No one knows exactly how much landed on the communities. But to get rid of it, Marathon paid to spray wash 700 cars and about the same number of homes. Now, a month later, the white dust seems to have mostly washed away but in these water-front neighborhoods, some people are finding it hard to relax.

“What government official approved washing this stuff off our houses into our canals and back into our marshes,” asked resident Bill Spenny.

He was helping lead a discussion among a couple dozen residents who met after work at the Bayou Vista Community Center. Spenny got ahold of a copy of a Material Safety Data sheet (MSD), a government required document in which Marathon spells out the dangers of the catalyst compound. The MSD talks about how the catalyst should not be flushed down sewers, onto soil, or into waterways. It warns that the catalyst might burn the lungs, cause allergic reactions, and could be a “cancer hazard”.

“They just haven’t done the right tests to understand why are we sick,” Spenny said.

refinery
A refinery visible from neighborhood

The meeting was punctuated by coughs. It is cold season, after all.

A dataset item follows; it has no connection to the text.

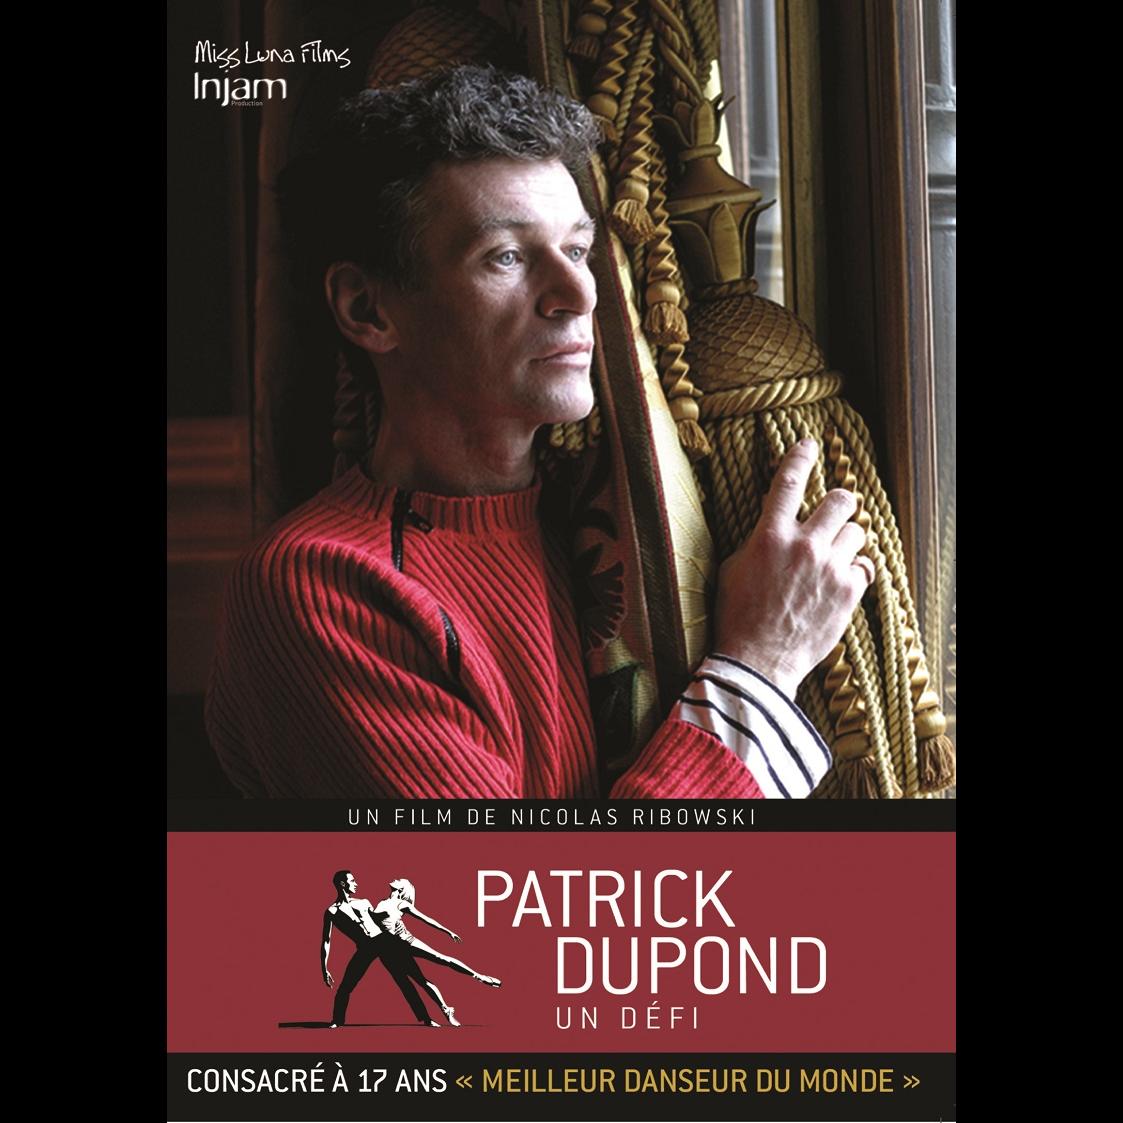 DVD INJ023 Patrick Dupond, Un défi, film documentaire de Nicolas Ribowski.

But that’s not what Heather and Gary Crich think is causing their 13-year old daughter to cough.

“She had a CAT scan done,” said Heather Crich

“It showed small airway disease,” said Gary Crish.

“We saw on the CAT scan request that was sent to Texas Children’s, it actually said due to a toxic chemical inhalation,” said Heather.

In a just-released report, the Texas Commission on Environmental Quality said based on what data it could gather, the initial dust eruption probably did cause lung and eye irritation, but otherwise no adverse health effects would be expected.

We sought out other opinions.

“We’re talking about a mild, chemical burn, and physical irritation from this very abrasive,” said Dr. Chip Carson is at UT’s Health Science Center in Houston.

Carson said that lung irritation would heal quickly and with such a limited one-time exposure, no long term effect would be expected. But a more skeptical take came from Neil Carman, a former state air pollution inspector now with the Sierra Club.

“I would be shocked if it was not found in peoples’ homes because it was all over their properties and people are going to be tracking this into their homes,” Carman told News 88.7.

The experts say there has been little study of the the effect catalyst dust migh have on people living near refineries. What we do know is that in recent years, there have been similar releases that have coated homes with white dust near refineries in Chicago, New Orleans, and Cheyenne Wyoming.

Marathon Petroleum did not respond to our requests for an interview in time for our story.

Editor’s note: The word “County” was added at Wednesday 10:30 a.m. because West Bay is in Galveston County, not Galveston.